**About this task**
In the material below, find the span from the line with "Plantilla de diseño" to the line with "1125 ruota di" and transcribe only those lines, exactly, ends included, without the pictures.

**Data**
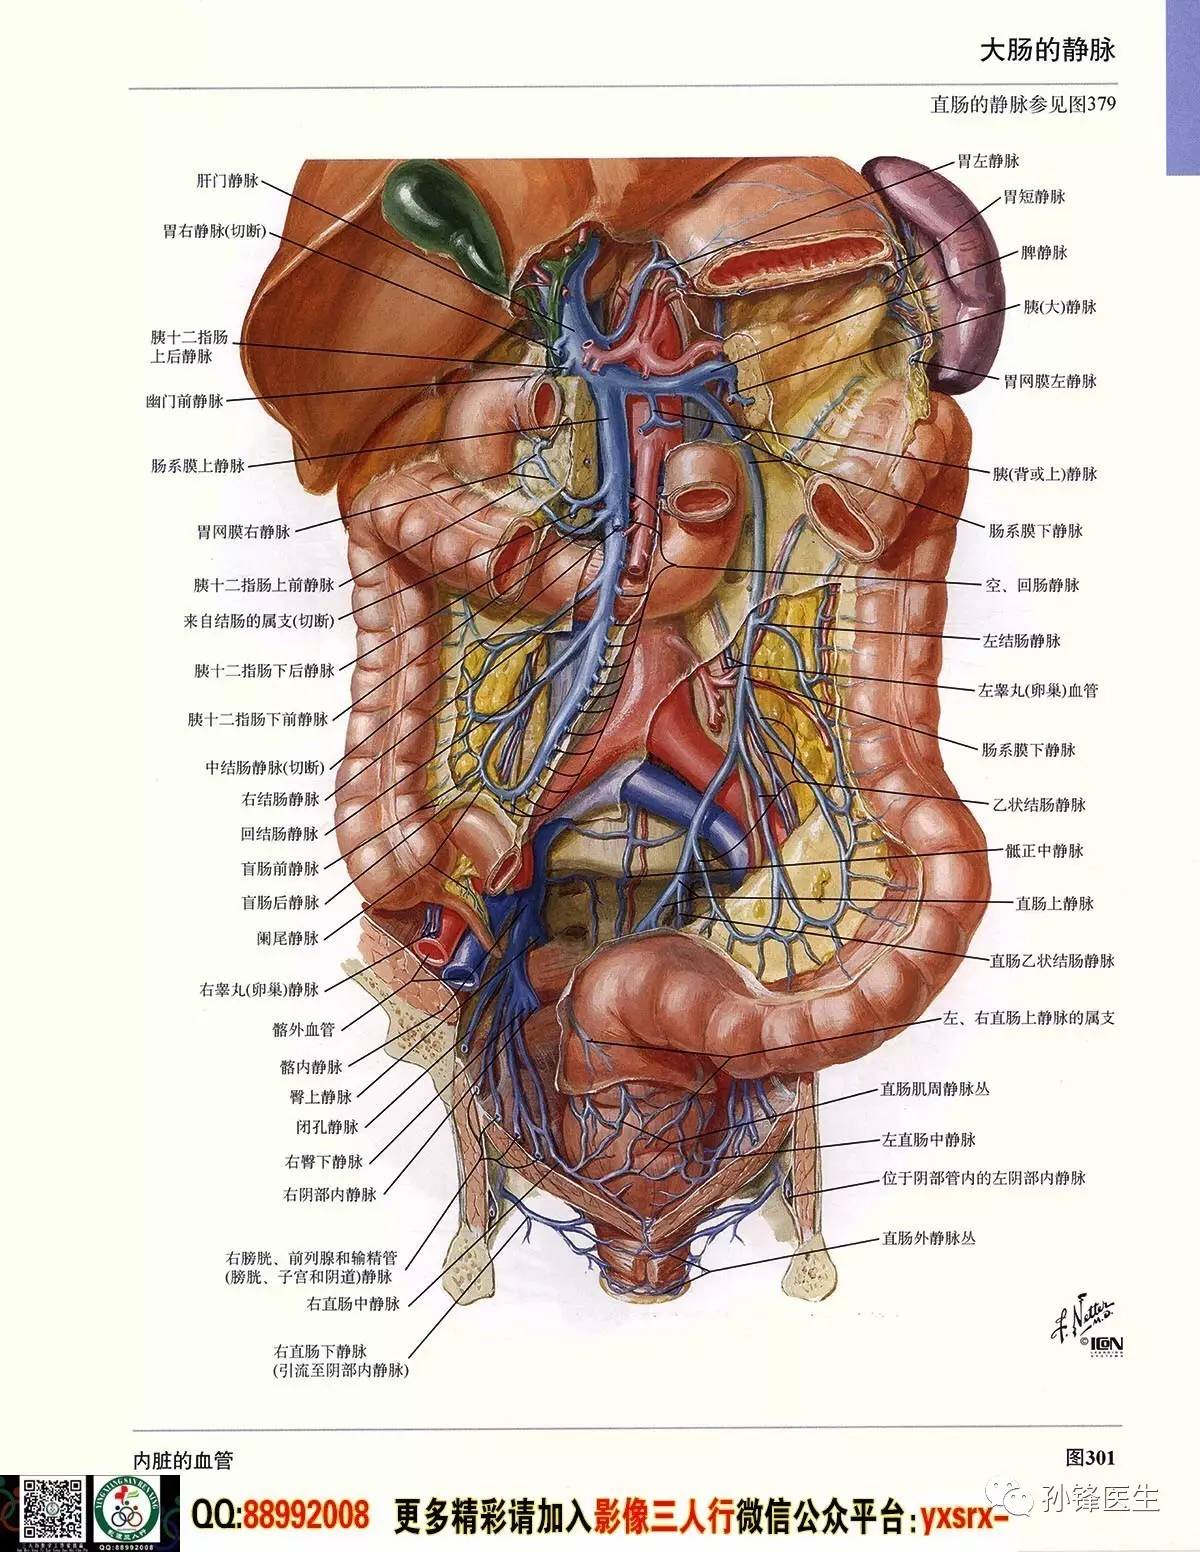 医学干货|超高清的《奈特人体解剖彩色图谱 腹部》(下)
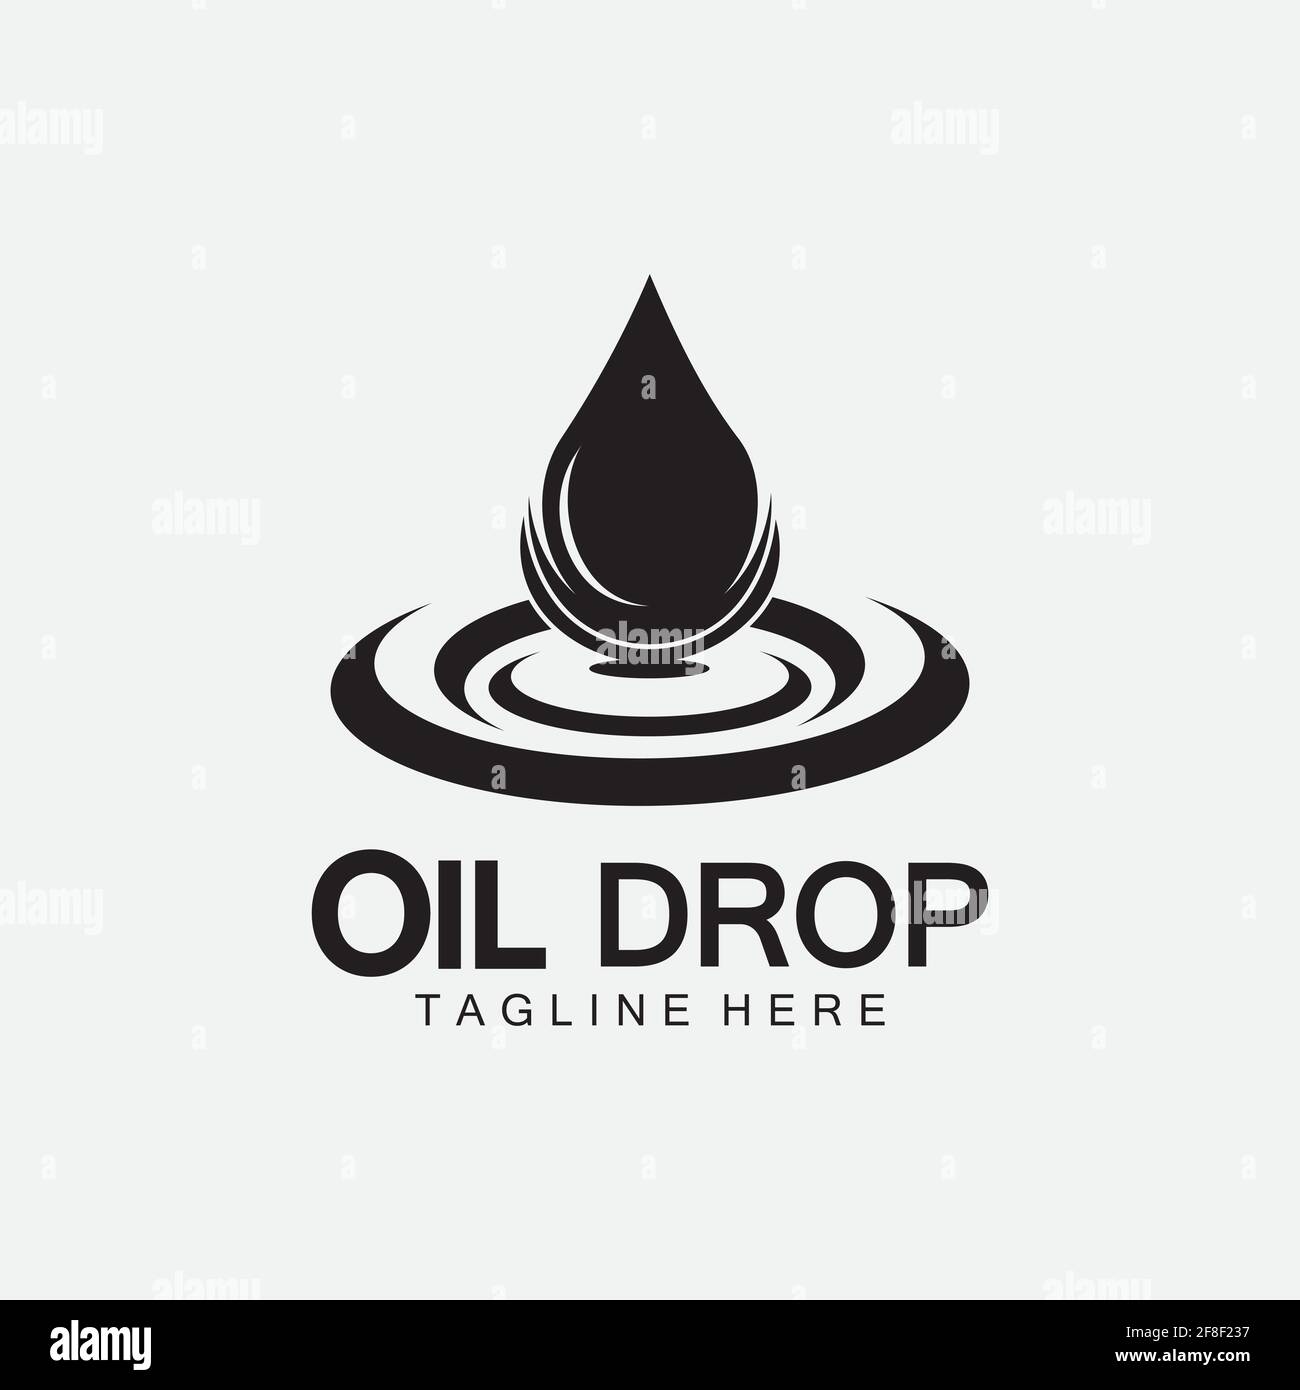 Plantilla de diseño de ilustración vectorial del logotipo de OIL DROP, plantilla vectorial de inspiración de diseño para el logotipo de la empresa industrial Ilustración del Vector
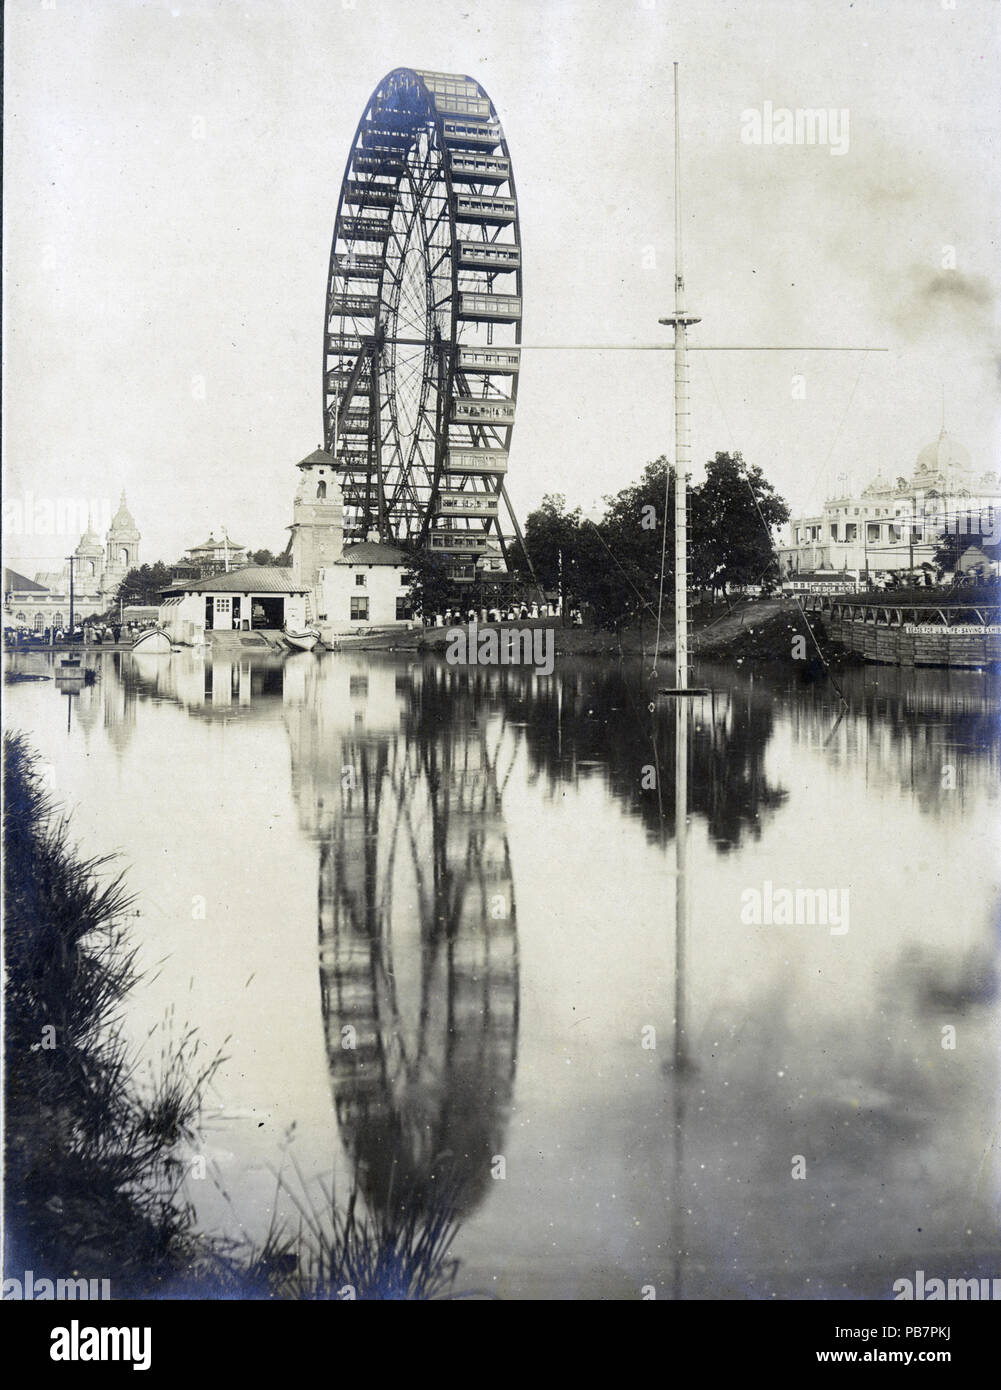 1125 ruota di osservazione e U.S.A. Per salvare la vita a stazione 1904 della fiera del mondo. (Ruota panoramica Ferris) Foto Stock
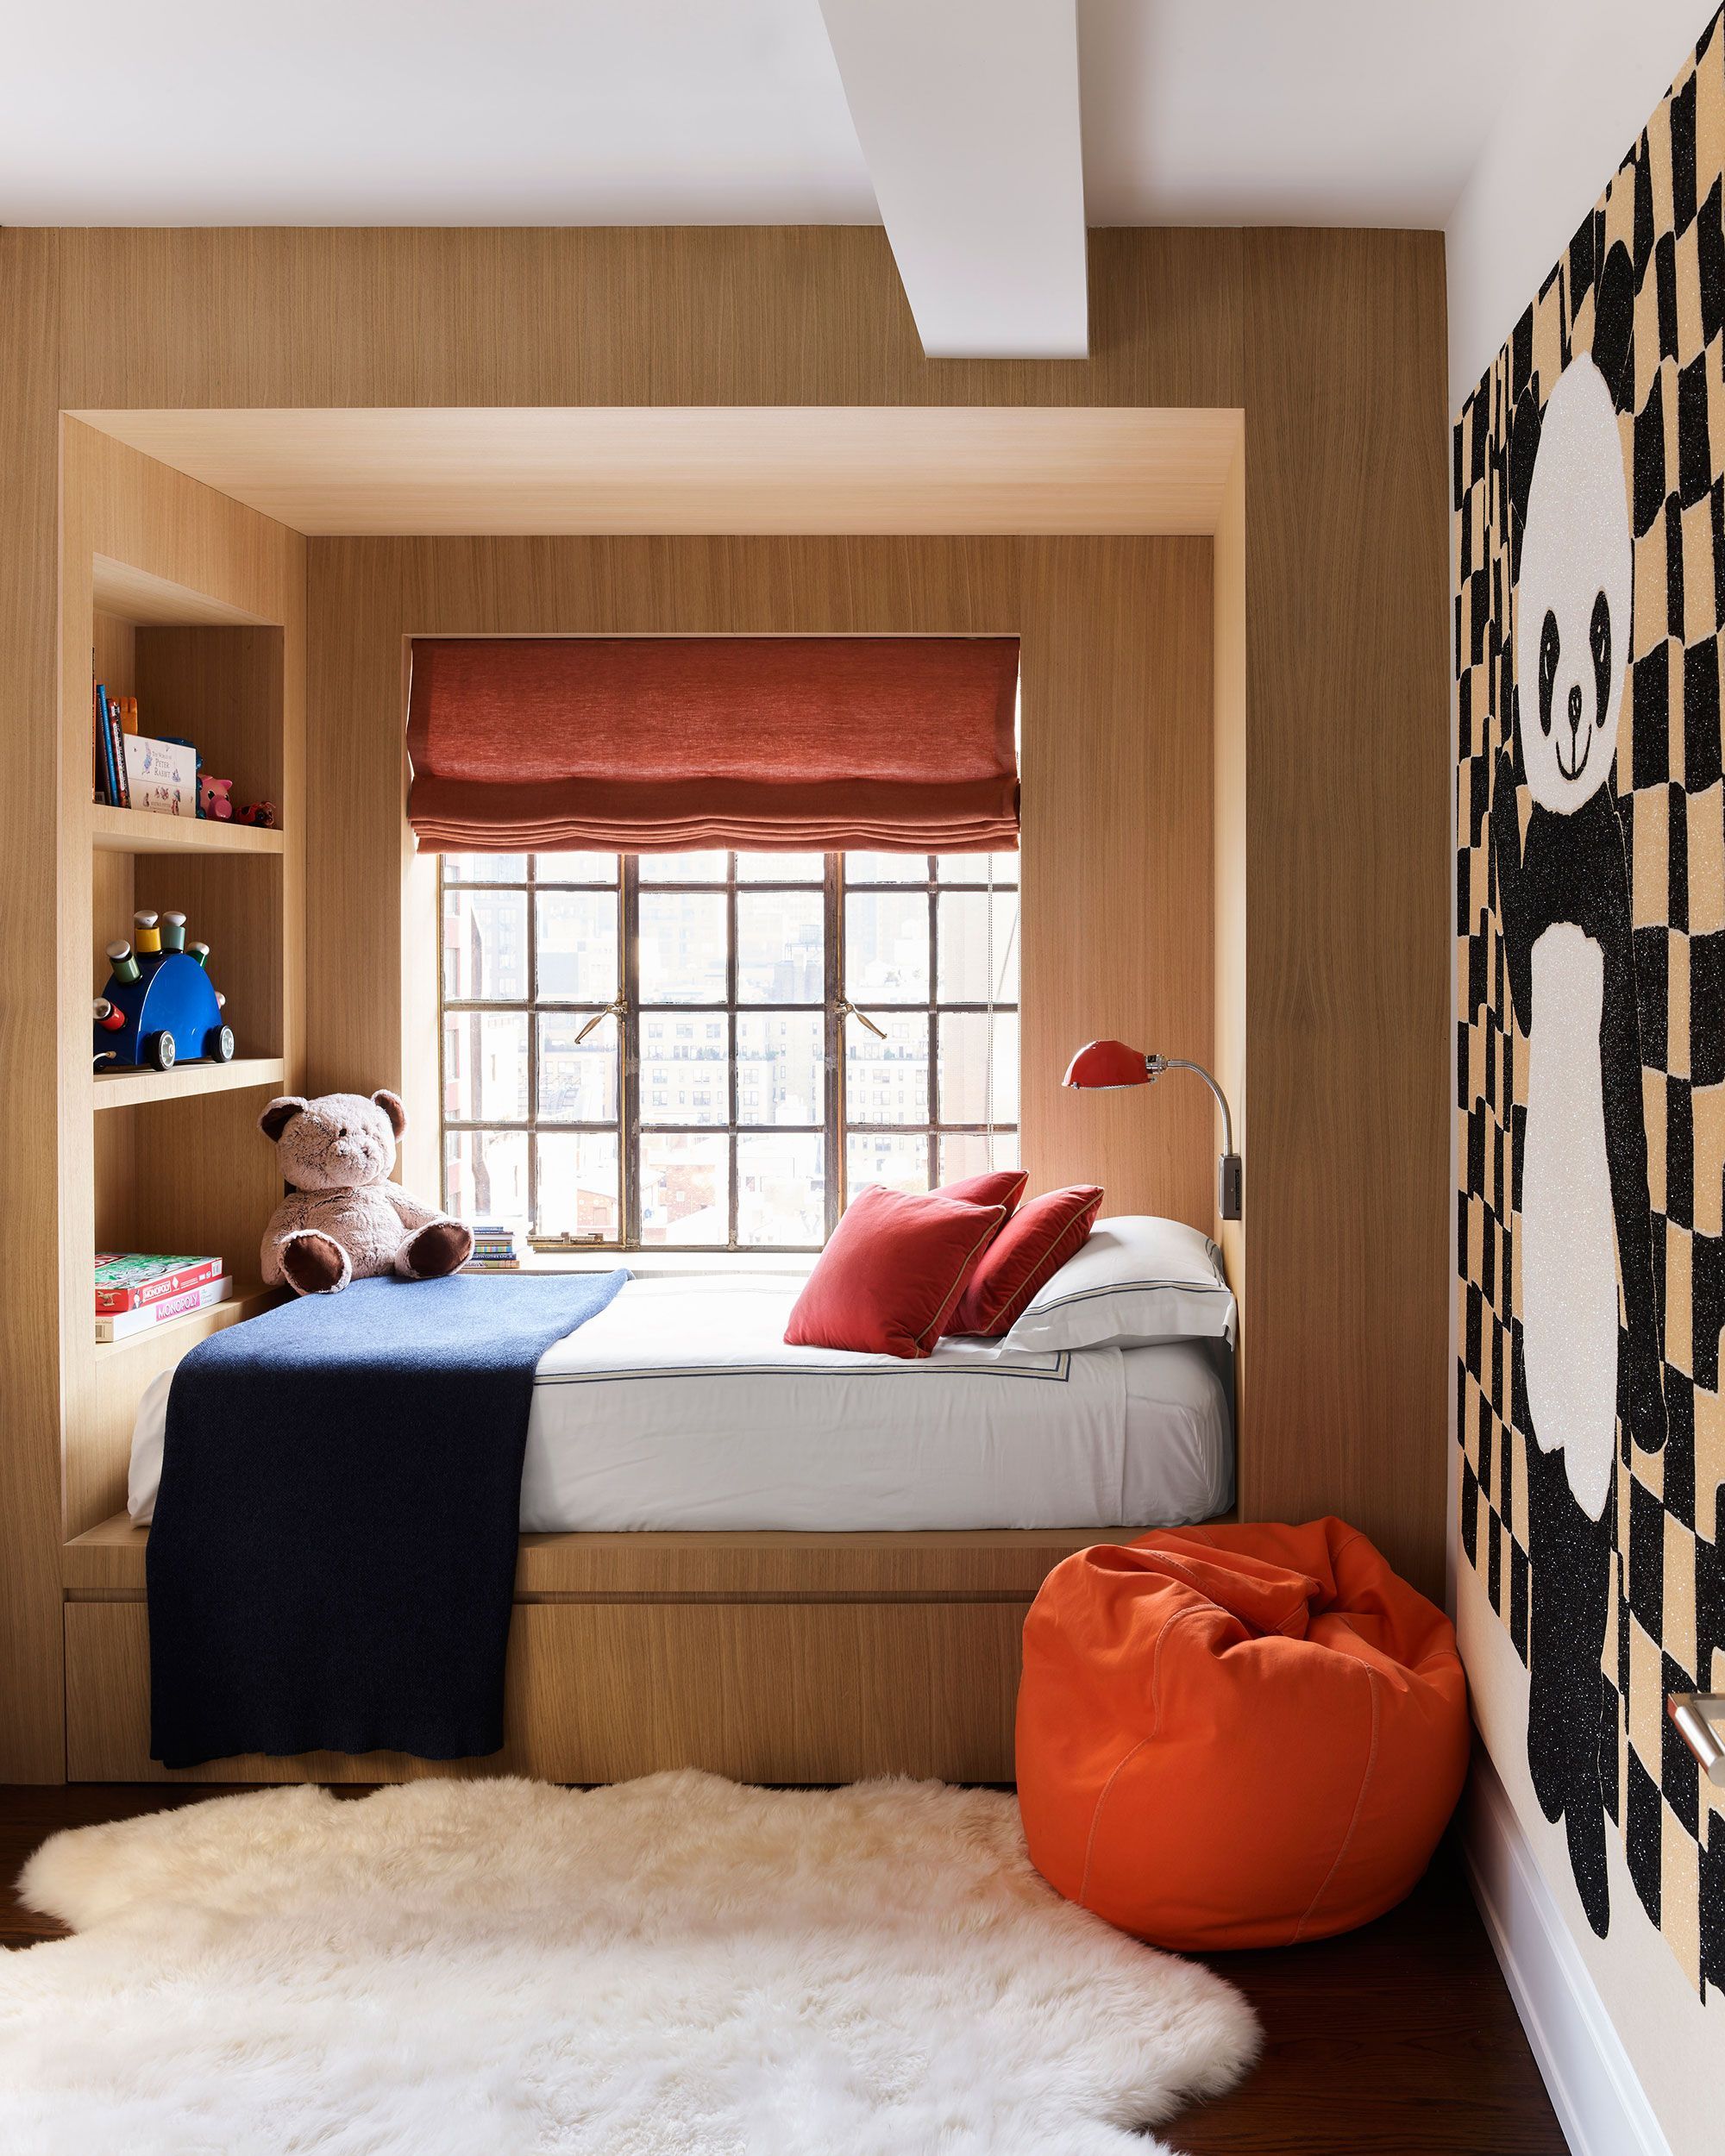 Modern Bedrooms... - Interior Design and Home Decor Ideas | Facebook

**Written answer**
 Plantilla de diseño de ilustración vectorial del logotipo de OIL DROP, plantilla vectorial de inspiración de diseño para el logotipo de la empresa industrial Ilustración del Vector
 1125 ruota di osservazione e U.S.A. Per salvare la vita a stazione 1904 della fiera del mondo. (Ruota panoramica Ferris) Foto Stock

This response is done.